In further continuation of this theme, this morning I went out to the Tokai whole-earth market with jo&stv, for vague random shopping during which I scored eggs benedict, a breakfast crêpe, chorizo, wild boar sausage with dark chocolate1, rye bread and about a pound of ripe cherries, ridiculously cheap. We proceeded to eat cherries all the way back home, which involved Stv, who was driving, being fed by Jo, interspersed with spitting the pips into a paper bag. (I threw mine out of the window, timing them carefully to miss cars and pedestrians, so that in thirty years you could probably track me home by the line of cherry trees). I have to say that the many and creative variants on pip-spitting of which Stv is capable, while driving, more or less astound me. I particularly liked the baby bird noises and the rock-star spit. I have to say, it was a highly concentrated reward of enjoyment for twenty-five rand, and not just because I love cherries.


1
The nice sausage-making man informs us that some unbelievable twit imported a bunch of European wild boar to South Africa, for who knows what stupid and mysterious purpose, and they escaped and went feral. There's now an entire river valley somewhere infested with the things, which have to be culled as they're an enormous pest and make hay with the local ecology. This is all sadly inevitable, but it's a lovely meat.
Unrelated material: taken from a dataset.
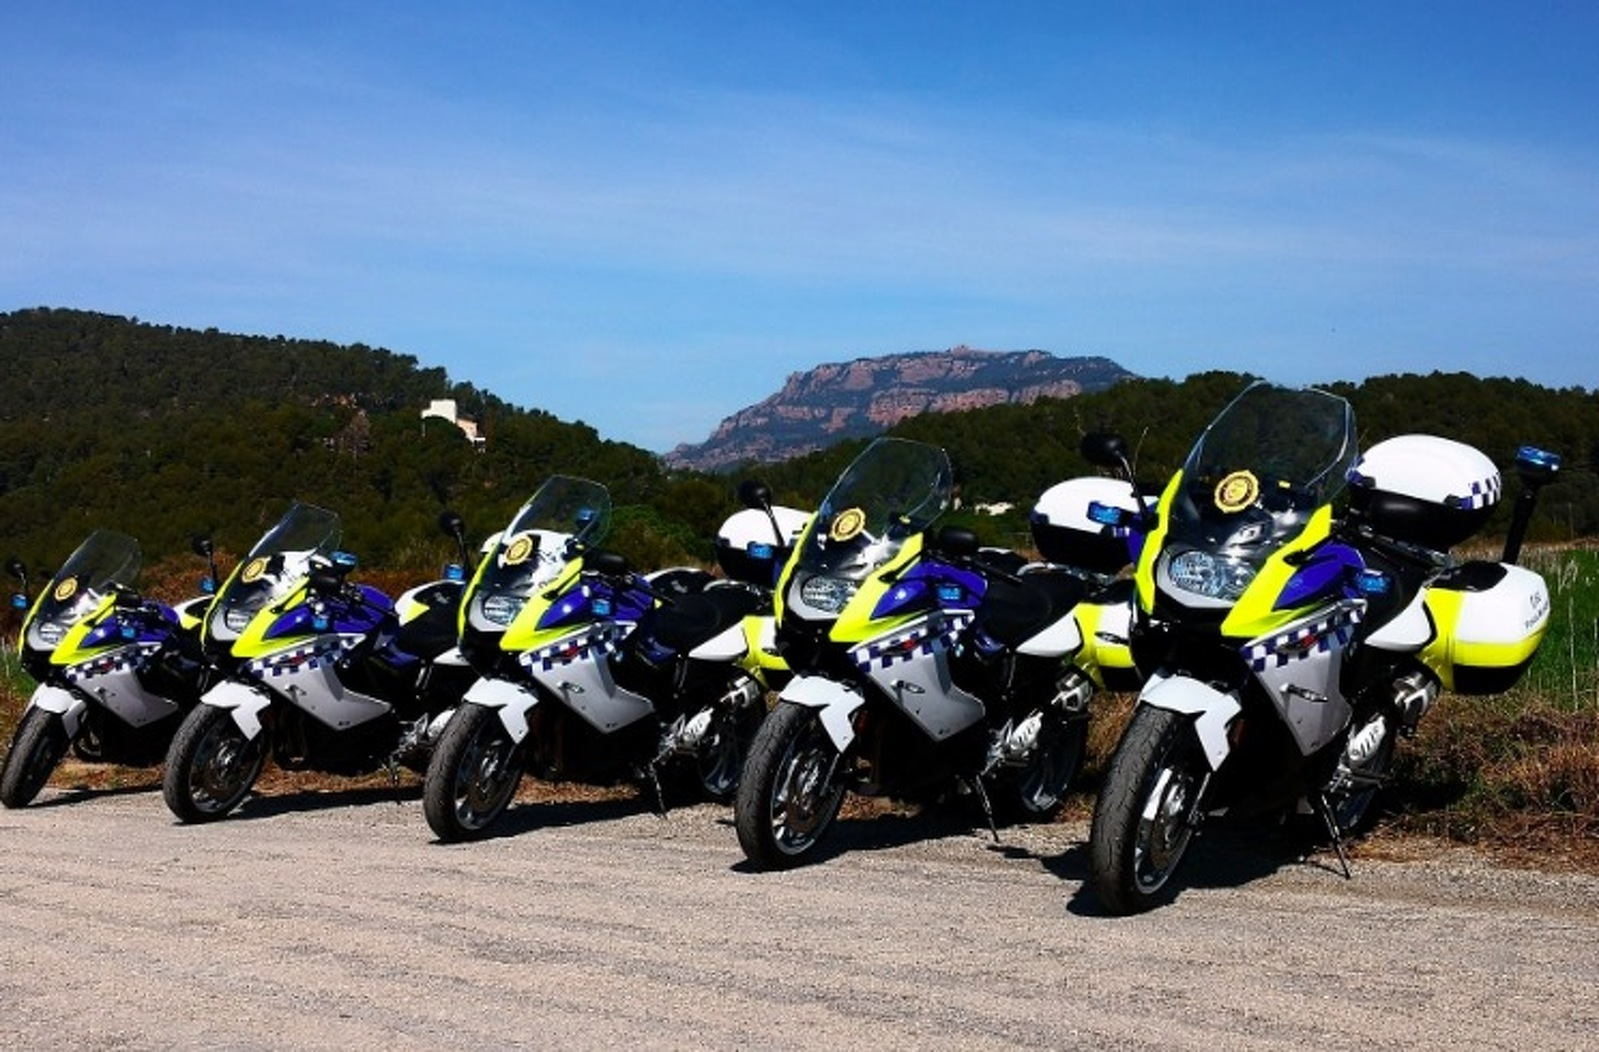 Motos de la policia municipal de Terrassa

Date: Saturday, 9 January 2010 01:55 pm (UTC)
From: [identity profile] dancing-crow.livejournal.com
Something similar happened in the States, and we have western wild pigs taking over California, and southern wild pigs taking over Texas. And some completely lovely meat, fed on grapes in Calif. and (I think) other wild things in Texas.

Date: Sunday, 10 January 2010 06:25 am (UTC)
From: [identity profile] extemporanea.livejournal.com
I'm always a bit floored at how little we (as in humanity at large) learn from past mistakes. Wild boar are bloody evil things, you'd think people would be a bit careful about releasing them wantonly into the ecosystem. In France they're hunted by the entire village, with shotguns and dogs. Mean sods. But, as you say, lovely meat :>.

Date: Saturday, 9 January 2010 04:07 pm (UTC)
From: [identity profile] stringgeek.livejournal.com
I'm really quite delighted by the image of your sproglet gardener(s). :-)

Date: Sunday, 10 January 2010 06:26 am (UTC)
From: [identity profile] extemporanea.livejournal.com
I find it a bit odd, given my own actual lack of desire to produce children off my own bat, how much I enjoy other people's. In small doses. Now and then :>.

Boaring

Date: Monday, 11 January 2010 08:18 am (UTC)
From: [identity profile] first-fallen.livejournal.com
1 - Wild boars are a menace in Germany. They're like black hairy tanks with tusks. Cause accidents at night on roads (they total you and your car and seem unharmed) and injuries to people in rutting season (spring, I guess).

2 - Apparently wild pigs (not sure if they're boars) are causing havoc on Zim airfields. I can see them facing down an airplane :P.

Re: Boaring

Date: Monday, 11 January 2010 09:13 am (UTC)
From: [identity profile] extemporanea.livejournal.com
The African wild pig is a different genus to the Eurasian wild boar. Pigs of most descriptions cause havoc. They're intelligent, and bloody-minded, and can be incredibly savage when they're feral. I rather like them :>.